Task brief »
Restate word for word the section of the entries that opens at the line containing "Lowes flyer - 2" and closes at the line containing "Senior Moments Playing", both lines kept, pictures dropped.

Records provided »
-.-.-

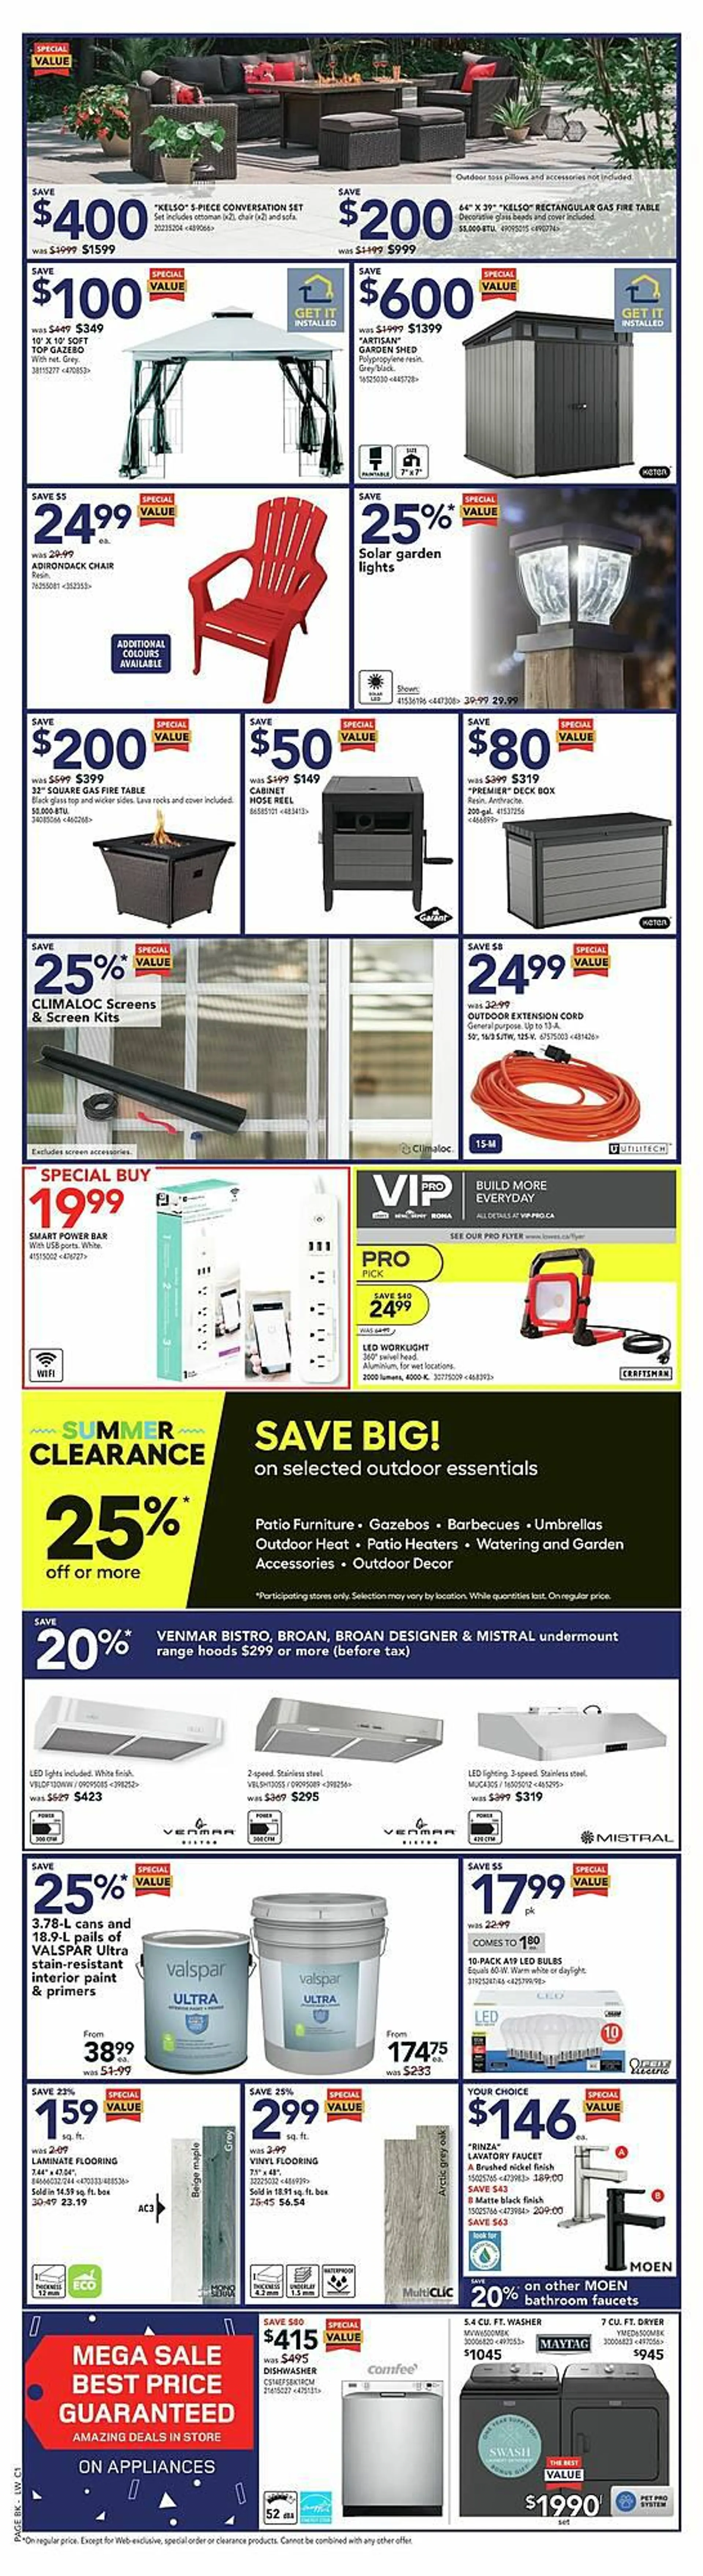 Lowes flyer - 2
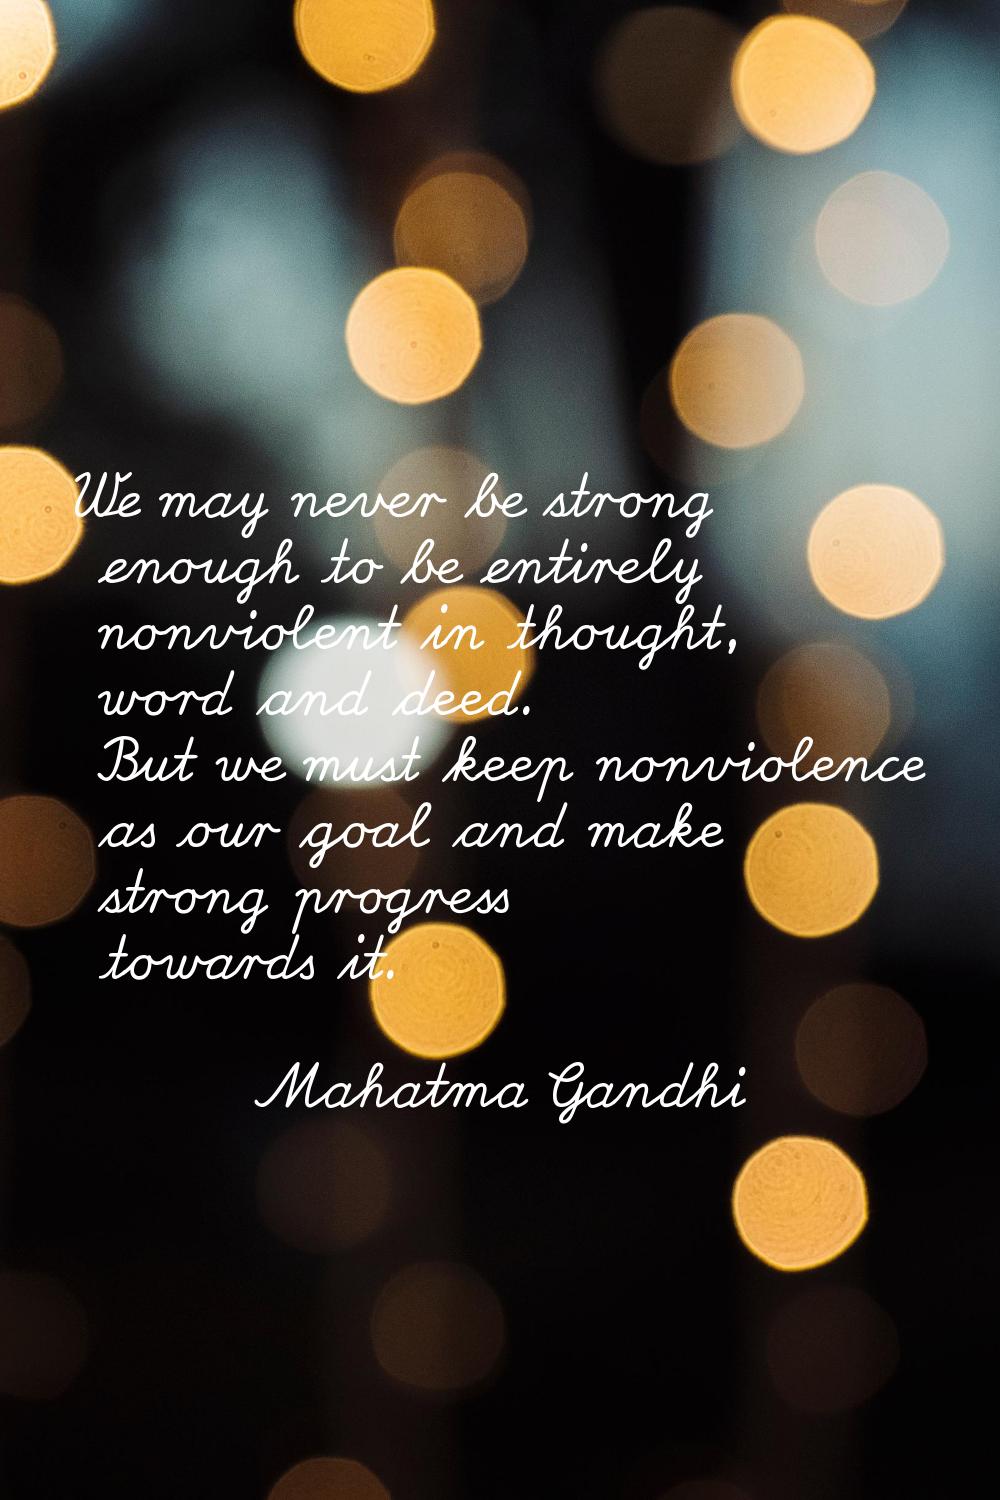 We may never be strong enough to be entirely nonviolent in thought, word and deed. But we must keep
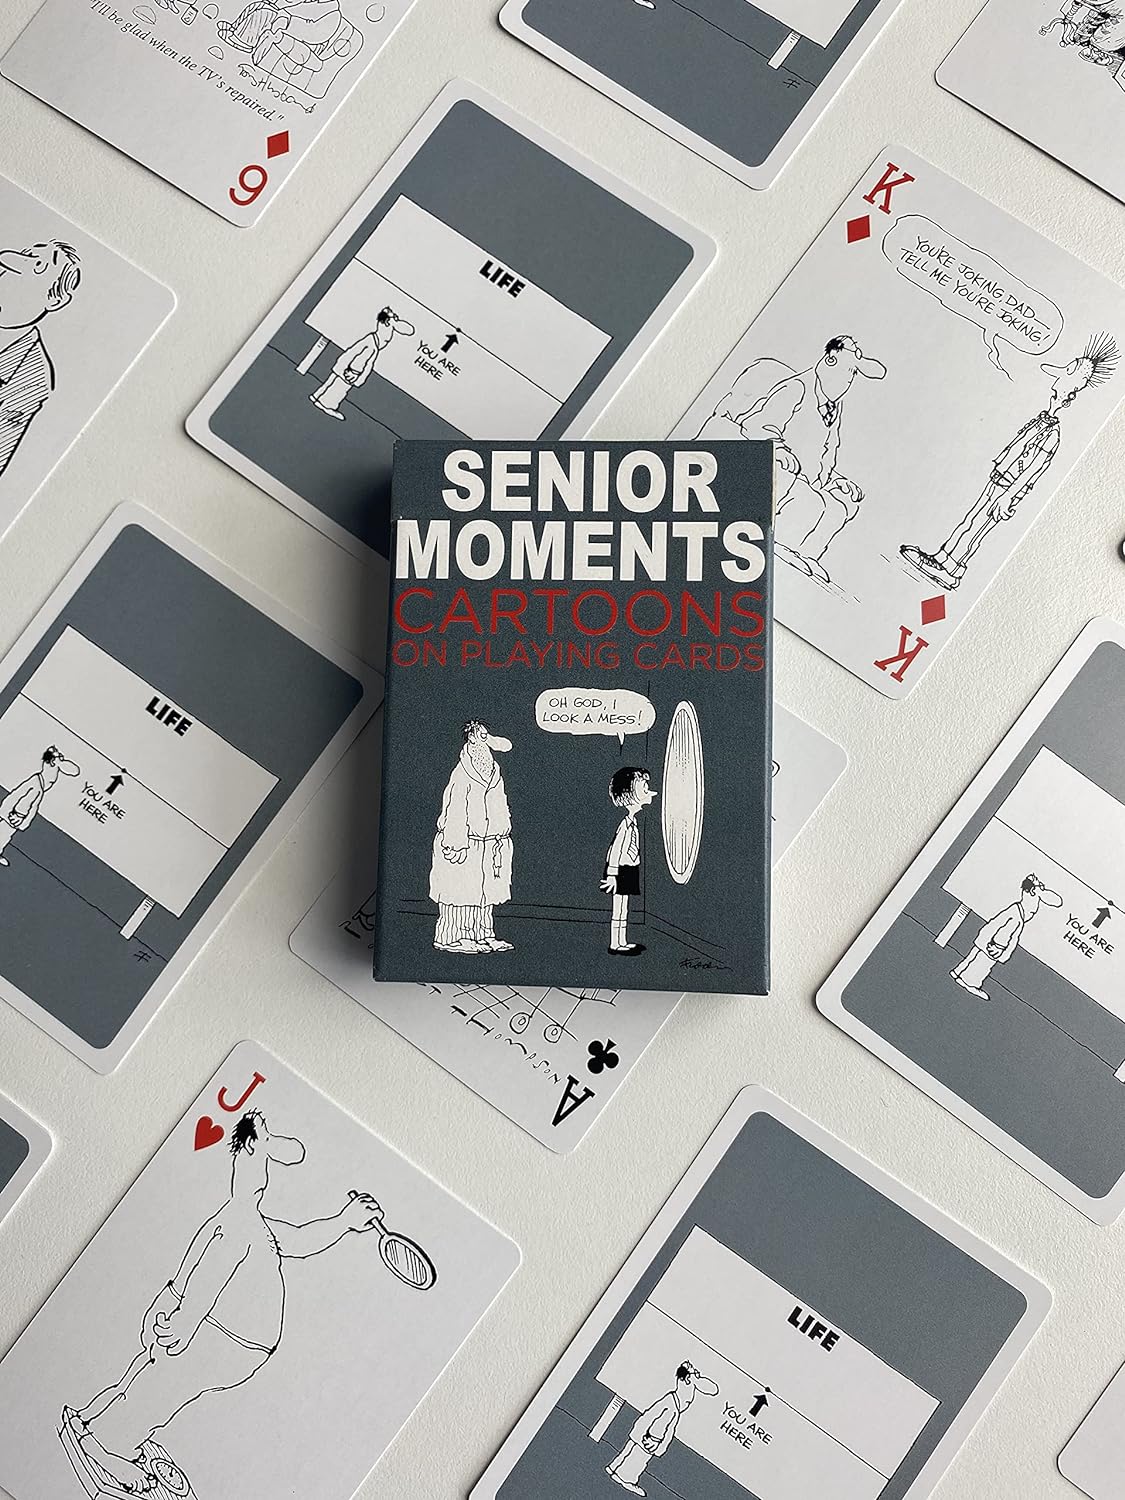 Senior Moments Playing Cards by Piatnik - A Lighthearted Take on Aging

-.-.-

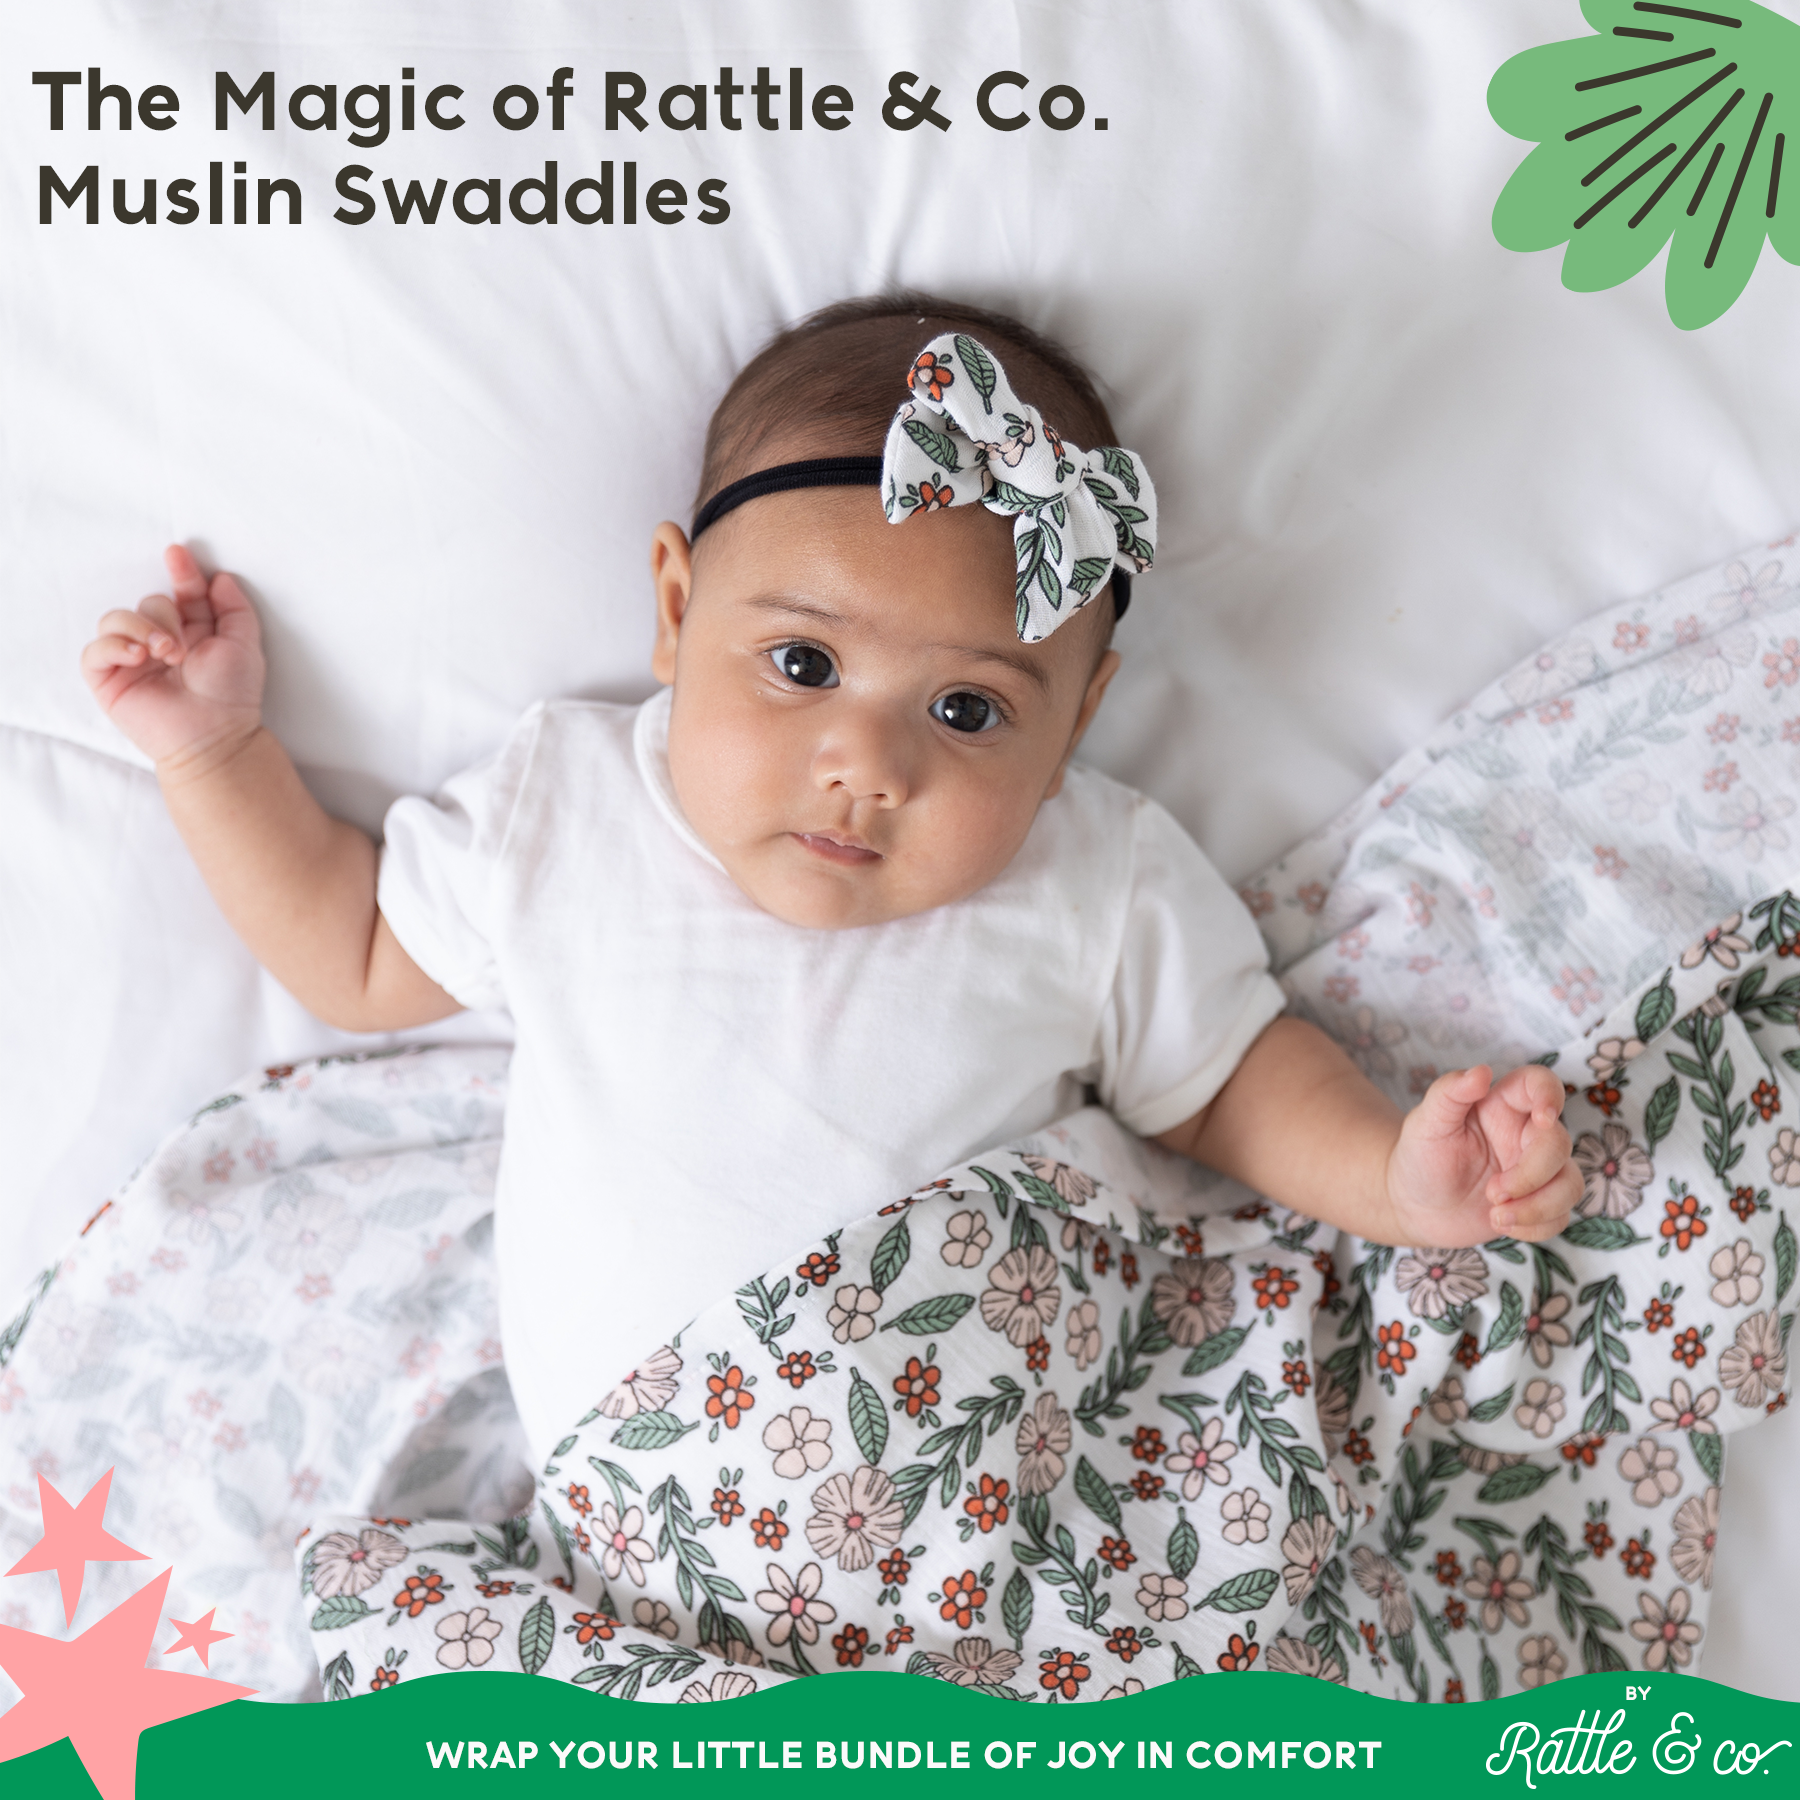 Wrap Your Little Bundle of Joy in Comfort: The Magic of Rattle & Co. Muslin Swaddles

-.-.-

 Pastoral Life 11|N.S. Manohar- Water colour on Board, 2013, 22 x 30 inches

-.-.-

Result for this exercise »
 Lowes flyer - 2
 We may never be strong enough to be entirely nonviolent in thought, word and deed. But we must keep
 Senior Moments Playing Cards by Piatnik - A Lighthearted Take on Aging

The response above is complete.